### SOURCE DATA

----

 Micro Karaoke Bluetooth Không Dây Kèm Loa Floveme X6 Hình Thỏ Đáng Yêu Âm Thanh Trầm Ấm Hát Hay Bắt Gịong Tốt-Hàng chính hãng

----

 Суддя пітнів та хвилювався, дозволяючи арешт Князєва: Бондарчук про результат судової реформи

----

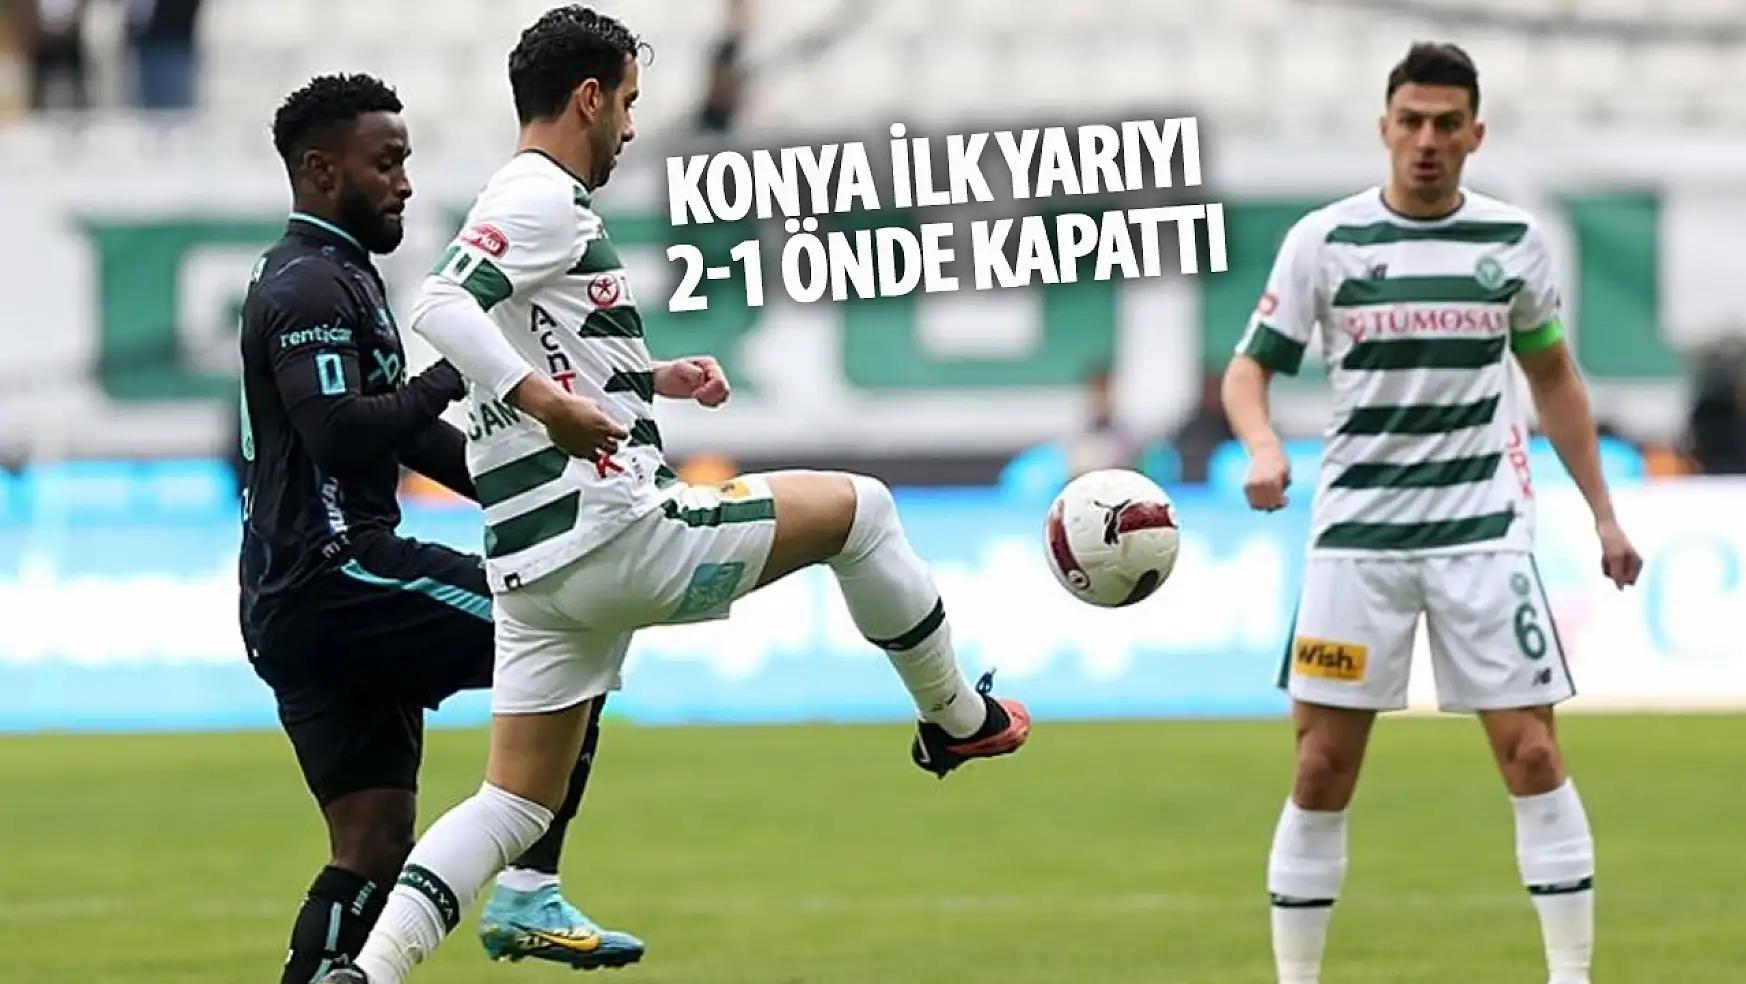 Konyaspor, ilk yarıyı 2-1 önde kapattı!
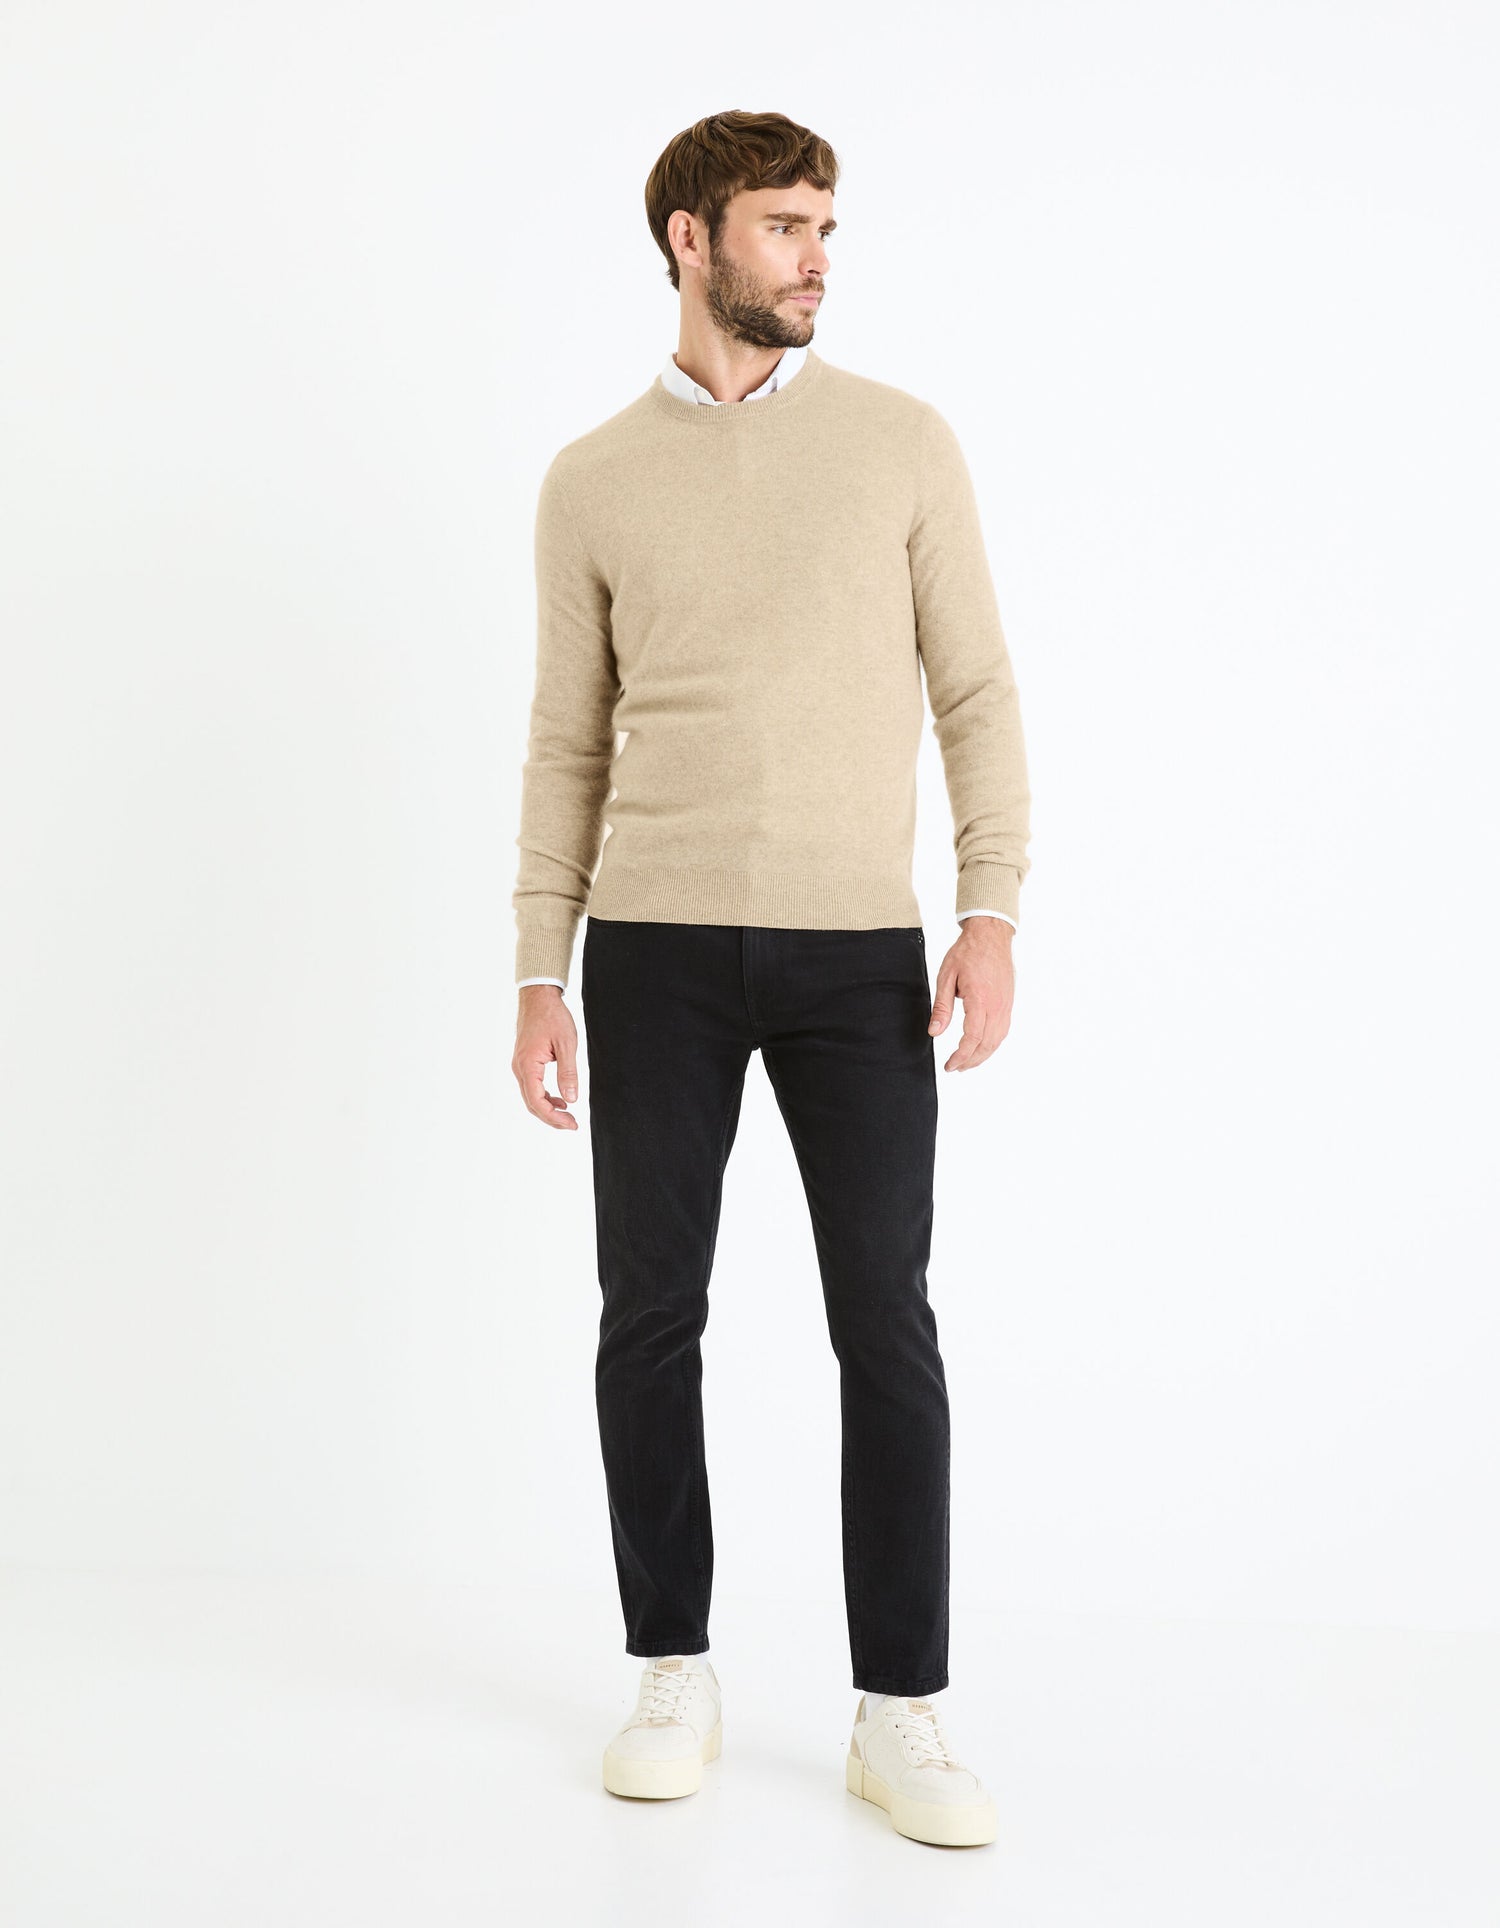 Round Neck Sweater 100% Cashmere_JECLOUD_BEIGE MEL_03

----

### PROBLEM DESCRIPTION
Extract the part of the records that opens with the line containing "Konyaspor, ilk yarıyı 2-1 önde kapattı!" and closes with the line containing "Round Neck Sweater". Take only those lines, exactly, and no pictures.

### OUTPUT FOR THIS TASK
 Konyaspor, ilk yarıyı 2-1 önde kapattı!
 Round Neck Sweater 100% Cashmere_JECLOUD_BEIGE MEL_03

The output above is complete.